Tuesday, April 22, 2014

Seemed like a good idea at the time.

 I'm equal parts amused and bemused as I look back on various things I undertook or did as a matter of routine that I would at a minimum hesitate to do today and more likely outright refuse to repeat with a dismissive snort. I shake my head in disbelief sometimes when I recall some of the nutty stuff that seemed perfectly normal when I was in the midst of it.

 As a boy of ten or so years old, for example, it was no big deal to get up on a summer morning, grab a random box from the garage or basement, and walk a half mile or so to my best snake hunting field.  There I would stalk, catch, examine, and sometimes bring home the finest garter snakes to be found in all of Genesee County.  On the rare occasion that one would reel and bite me, it was as much a curiosity as it was, oh I don't know... a snake biting me?  What makes it so amusing now is the way I know way down where I know stuff for sure that today I would just as soon not reach down and pick up a writhing snake for any reason, most especially a recreational one.  And furthermore, if you're the one bold enough to do so, don't be handing it to me. So how does one progress (regress?) from being comfortable with heading out for a snake hunt after a bowl of Alphabits to being real real ok with never coming within sight of a snake in the wild again?

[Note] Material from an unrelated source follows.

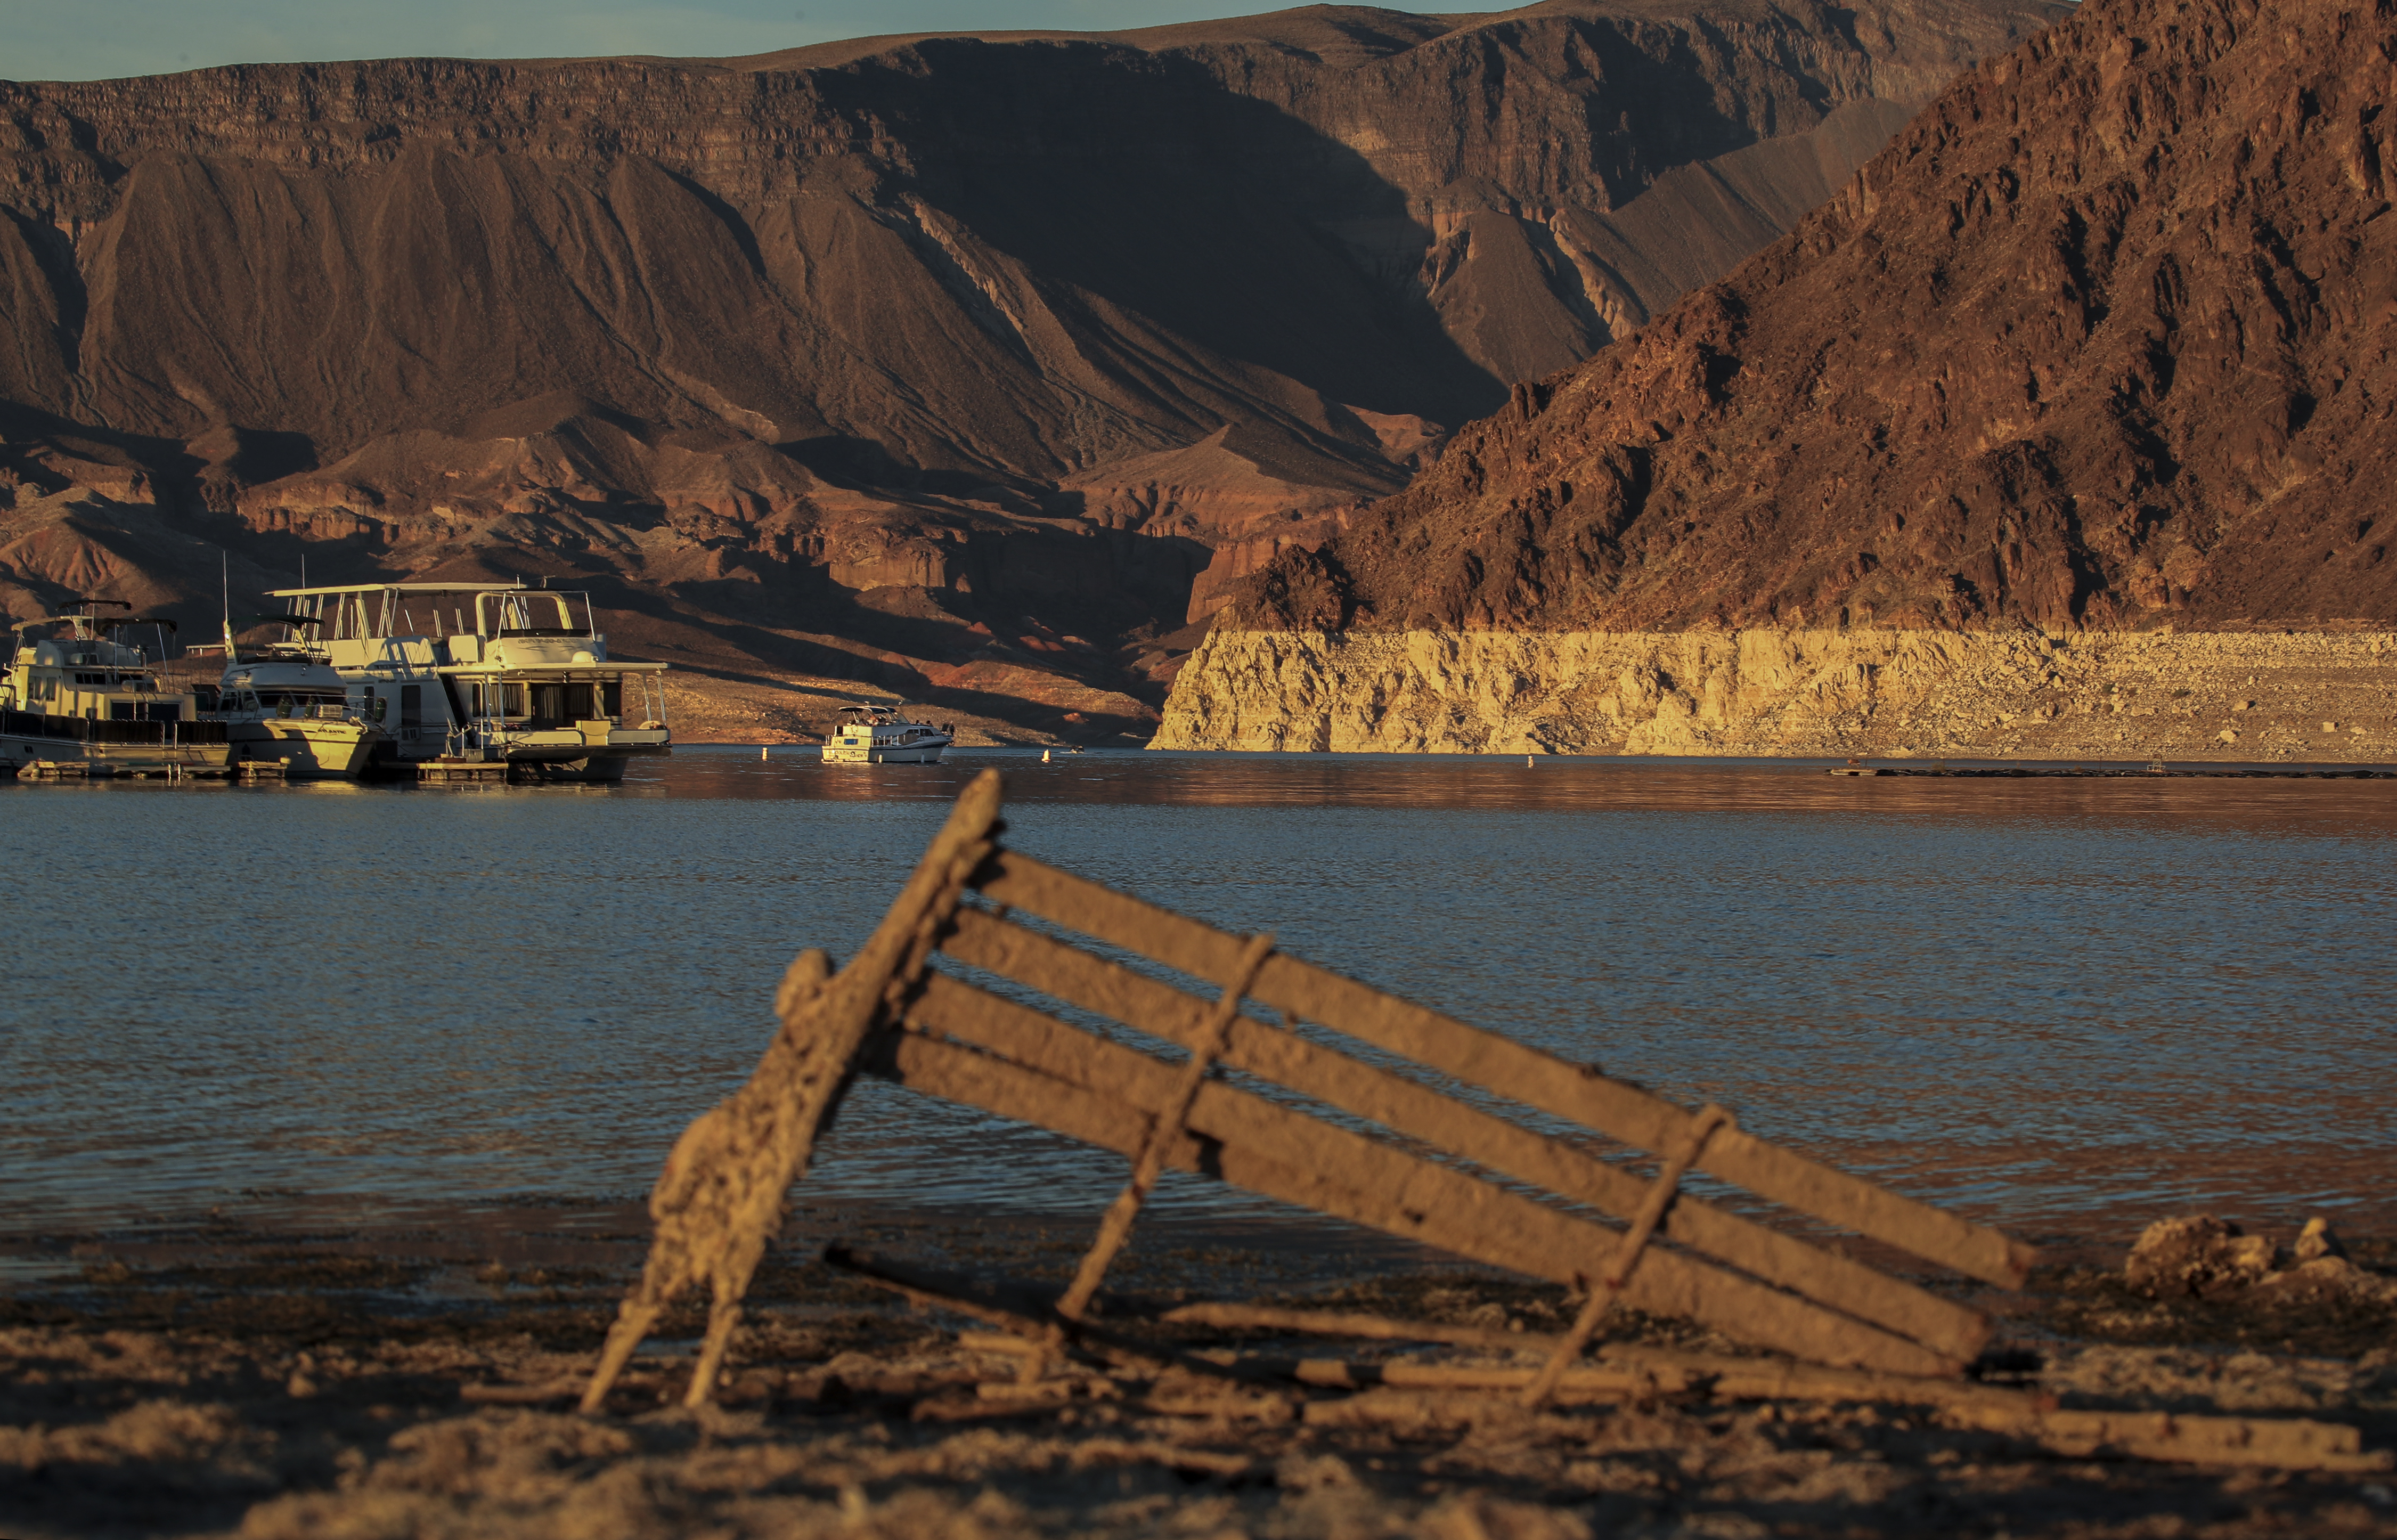 500-plus plan to save Lake Mead is monumental and still solves nothing

 Fast forward to me as an adult in his mid forties.  Years of growing up to make increasingly better judgements under my belt, I make one of the most folly imbued, bafflingly defenseless decisions of my life.  And I can only hope it remains the biggest one of my life for all time.  The funny thing is, I remember the very moment - I could show you the specific location along my running route, when it seemed perfectly rational to enter a 100k ultra marathon.  Yup, I was going to spend the summer of 2011 training to race along a winding path from Gaylord to Mackinaw City.  Not once during that lost summer of training runs often lasting as long as five or six hours do I remember having a second thought.  I have to admit it was kinda fun playing the role of mad nutritional scientist, trying to figure out and dial in just exactly how you fuel yourself through such extremes of endurance.  In the end, it's not much fancier than not getting low on sodium, and consuming as many calories as you can hold down while staying reasonably hydrated.

 I had to take a week off work after that race.  It felt like I'd survived a train wreck in which I was found a hundred yards from the train.  There are people who take races like this and even longer ones in stride. No pun intended.  .  .  They may do a few of them in a given year.  I am not nor could I ever be one of these people.  When I reflect on this running accomplishment it's as if I'm spying someone else's memory.  I really can't believe I did it. And I don't mean that in a pat-myself-on-the-back way.  I mean it much more in a what-the-hell-was-I-thinking way.

  Don't think for a minute that these are the only two examples of dubious behavior I could come up with. But as you know if you've visited this kooky blog before, I try to mercifully draw each entry to a close after asking just a couple minutes of your time, understandably spent wondering why you again visited this kooky blog.  But I'm glad you did.  I'm hoping it won't quite rate up there with snake hunts and 62 mile runs on your own list of questionable acts.